Big data in statistics came of age this week. The Shaw Prize is known as the Nobel Prize of Asia. Almost as prestigious, it was founded by Hong Kong film mogul and philanthropist Run Run Shaw in 2003 - Shaw is currently 105 years old and retired last year - is open to everyone, and includes a $1 million award for breakthroughs in science and mathematics. This year one of the three prizes has gone to a statistician: David Donoho, a professor of statistics at Stanford University.
Donoho’s prize is recognition of his work to get a more detailed analysis out of large numerical data sets. Specifically, the citation noted his "profound contributions to modern mathematical statistics and in particular the development of optimal algorithms for statistical estimation in the presence of noise and of efficient techniques for sparse representation and recovery in large data sets."
What that actually means is that he has pioneered ways of extracting information from the huge amounts of data that are generated by all the sensors, image-takers, tweets and commercial transactions of the digital age. Statisticians used to deal with a few hundred, perhaps a few thousand, numbers at a time; now digital data routinely runs into billions of items; finding patterns in them is a whole new enterprise - needles in haystacks are trivial in comparison - but it is an enterprise with huge practical rewards. Whole cities can be run more efficiently - see Significance of August last year, the Big Data special issue, for more. Just for one example, traffic lights can be coordinated with weather forecasts, traffic forecasts, images from traffic cameras, tweets telling how many people are intending to go to a football match or the beach, ticket sales information telling how many are intending to go to a pop concert, and so on – and thus ease the jams. Statisticians used to have to extract as much information as they could from limited data. Now the problem is to find the information that is lurking in incredible quantities of the stuff. Which is what ‘extracting sparse information from large data sets’ means. This is the statistics of the future. And this is where Donoho has been a pioneer.

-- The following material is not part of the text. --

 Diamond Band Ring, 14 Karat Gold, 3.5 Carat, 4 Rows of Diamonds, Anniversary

- Tony Chan, president of the Hong Kong University of Science and Technology
Imagine if you could go into an MRI machine, which usually takes about 30 minutes, and be there for a tenth of that time, but get the same result. That's what his algorithms help do.
“He is one of the most well-known and influential mathematical statisticians alive today," said Tony Chan, president of the Hong Kong University of Science and Technology. A prime objective of Dr. Donoho's research is to apply mathematical and statistical tools to solve real-life problems. One area where his work has had huge beneficial effects is in medical imaging. "Imagine if you could go into an MRI machine, which usually takes about 30 minutes, and be there for a tenth of that time, but get the same result. That's what his algorithms help do." Chan described the process as akin to taking a low-resolution image on a digital camera – which itself contains millions of bits of information - and being able to reconstruct all the extra missing information to create a higher-resolution image.

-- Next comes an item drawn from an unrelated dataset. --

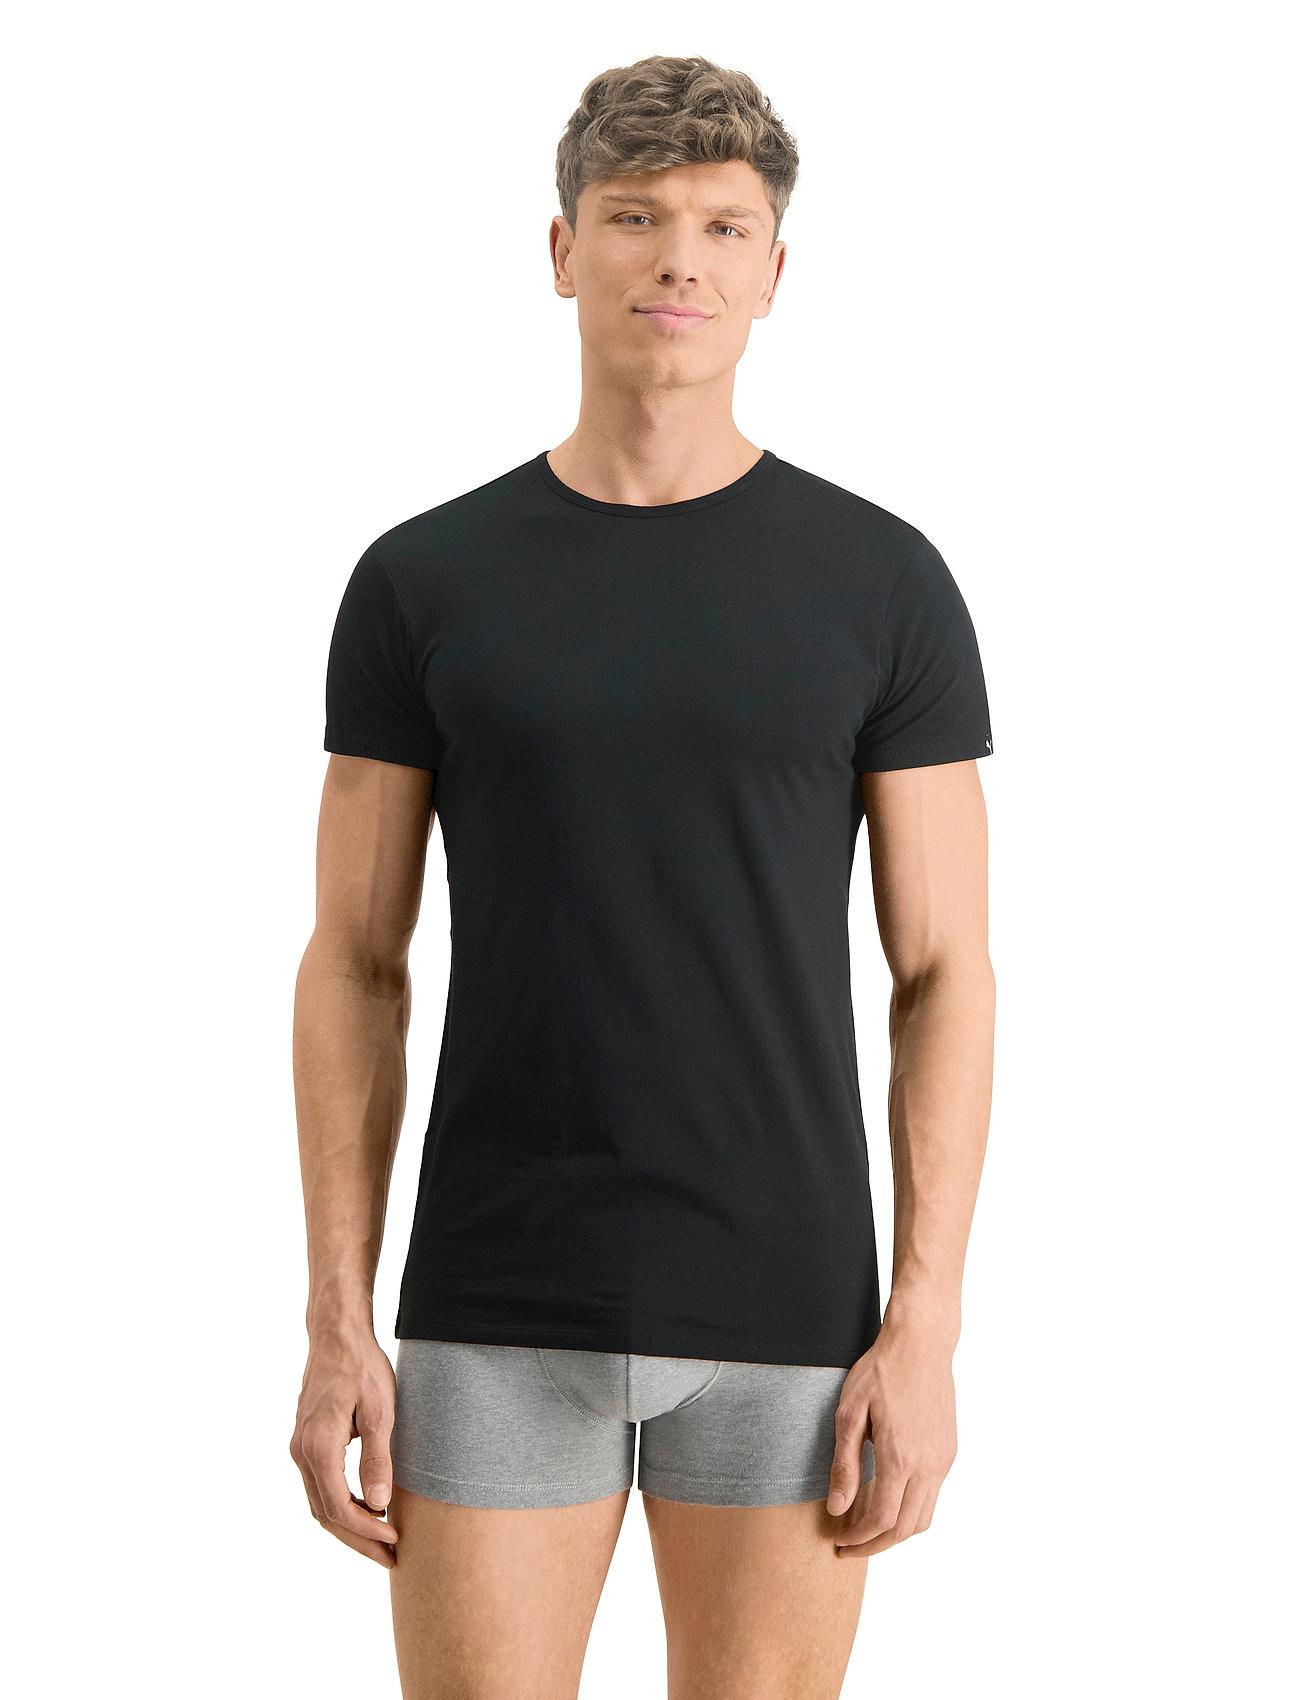 PUMA - PUMA BASIC 2P CREW TEE - t-shirts - black - 0

Similarly, modern global communication often involves voice signals having to go through several networks as they are transmitted; they acquire interference as they go. Donoho uses statistics to develop algorithms that recover or reconstruct the original signal as much as is possible.
The internet age is turning into the age of Big Data. Learning to handle it will be one of the key areas of progress, and it will need a whole new kind of statistics. David Donoho is one of the pioneers.